# Quick question



## <simon> (Jul 10, 2008)

Howdy all,

Really quickly, could someone explain how the whole 'ranking system' (if you call it that) works on this site?

I mean, what do you have to do to become a 'senior member' etc??

Thanks
Simon


----------



## lesofprimus (Jul 10, 2008)

U have to post more than 37 posts to become a senior member.... Not sure what the number is, but it is around the 100 post count I think...


----------



## evangilder (Jul 10, 2008)

The ranking really has no meaning anyway.


----------



## Wayne Little (Jul 10, 2008)

<simon> said:


> I mean, what do you have to do to become a 'senior member' etc??
> 
> Simon



Simple, Don't get into Les's cross hairs or your *ss is grass and he's a lawnmower!!


----------



## ToughOmbre (Jul 10, 2008)

Good advice Wayne!  

TO


----------



## Thorlifter (Jul 10, 2008)

That's about it. 100 post and your a senior member, but it doesn't mean anything. The only title that means anything here is "Administrator". They are the one's we send fruit baskets to at Christmas.


----------



## Njaco (Jul 10, 2008)

and the "Moderators" just banned Thor!


----------



## DerAdlerIstGelandet (Jul 10, 2008)

Thorlifter said:


> That's about it. 100 post and your a senior member, but it doesn't mean anything. The only title that means anything here is "Administrator". They are the one's we send fruit baskets to at Christmas.

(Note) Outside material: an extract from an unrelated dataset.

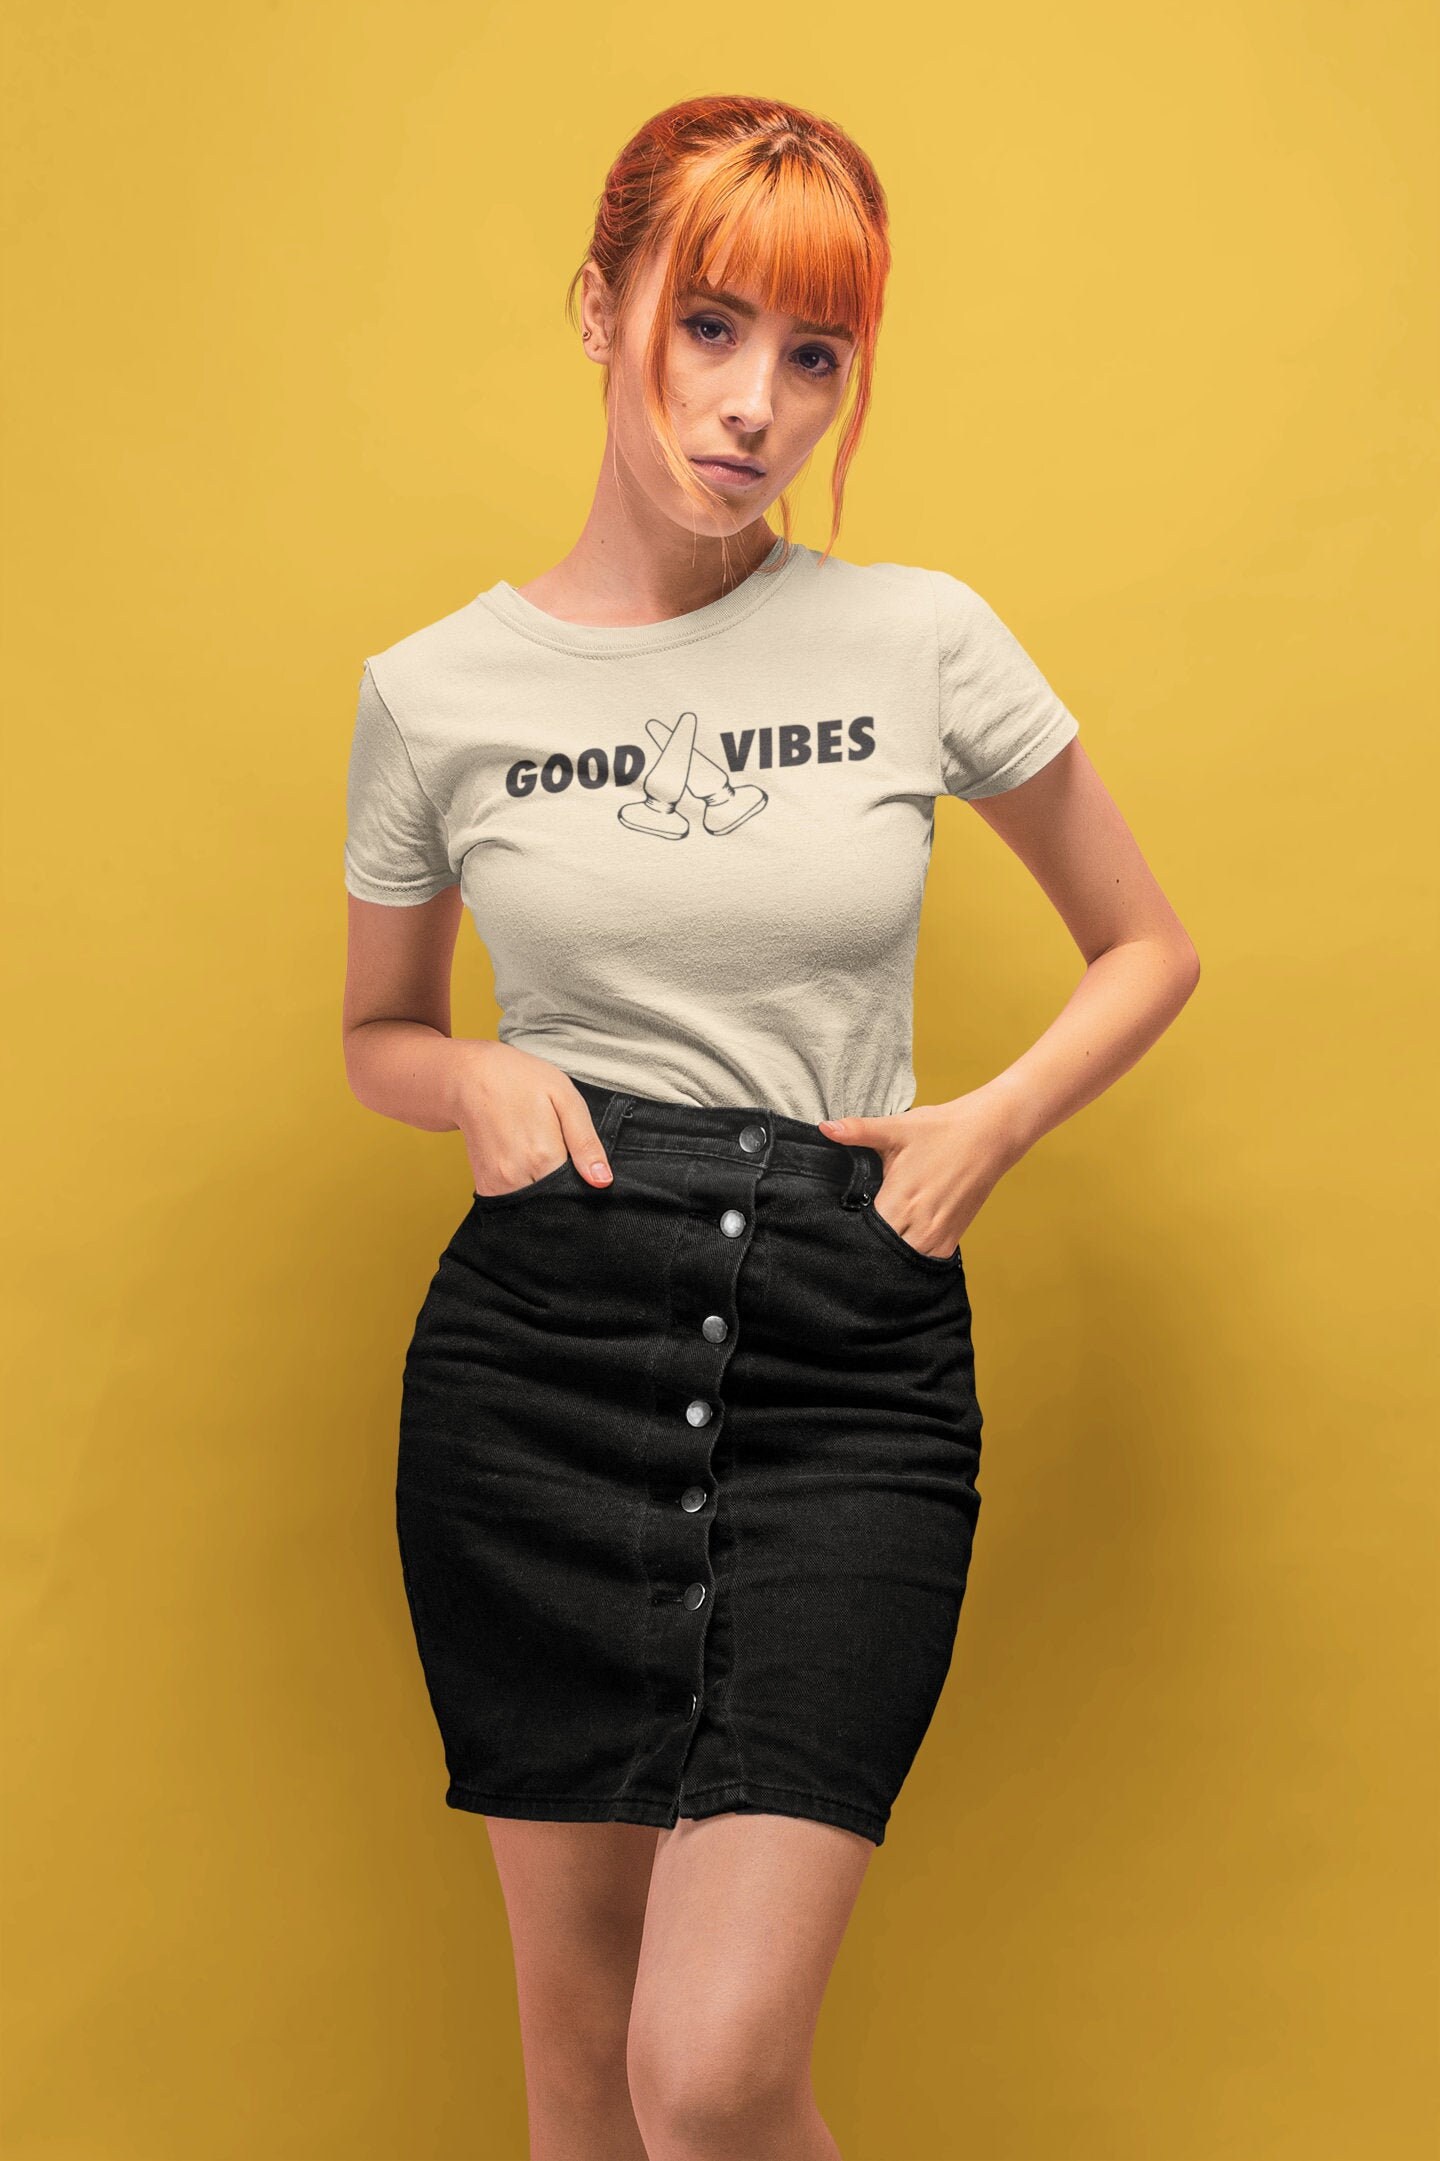 Good Vibes Tshirt Dildo Shirt 90s Shirt Lesbian Tshirt picture photo

So us "Moderators" dont mean anything around here?


----------



## Marcel (Jul 10, 2008)

Nope, it's just a title


----------



## DerAdlerIstGelandet (Jul 10, 2008)

Lets see what title we can give you then.

Hmmm....

How about "Banned User"


----------



## Marcel (Jul 10, 2008)

That would be different, it usually only says "Banned"


----------



## DerAdlerIstGelandet (Jul 10, 2008)

This one would be special for you!


----------



## Marcel (Jul 10, 2008)

Ah, I feel special already, it's something different than the boring "senior member", everybody is that here, even Lucky


----------



## DOUGRD (Jul 10, 2008)

INCOMING!!!!!!!!!!!!!!!!!!!!!!!!!!!!!!!!!!!!:


----------



## Wayne Little (Jul 11, 2008)




----------



## <simon> (Jul 11, 2008)

haha ok

Thanks for that everyone


----------



## Wayne Little (Jul 11, 2008)

and remember to carry your screwdriver at all times...there are a lot of loose screws around here...


----------



## joy17782 (Jul 11, 2008)

I,ll just send out christmas cards too everyone too be safe. Theres too many fruits and baskets around already! if you get what I mean


----------



## Thorlifter (Jul 11, 2008)

Originally Posted by Thorlifter 
That's about it. 100 post and your a senior member, but it doesn't mean anything. The only title that means anything here is "Administrator". They are the one's we send fruit baskets to at Christmas. 




DerAdlerIstGelandet said:


> So us "Moderators" dont mean anything around here?



uh, <cough> ummmm.

Hey, who typed that using my name?

heh heh. Sorry. At work, we are all administrators. Sorry, I used the wrong word. I'll include a few extra pears in your fruit basket this year Adler to make up for my blunder.


----------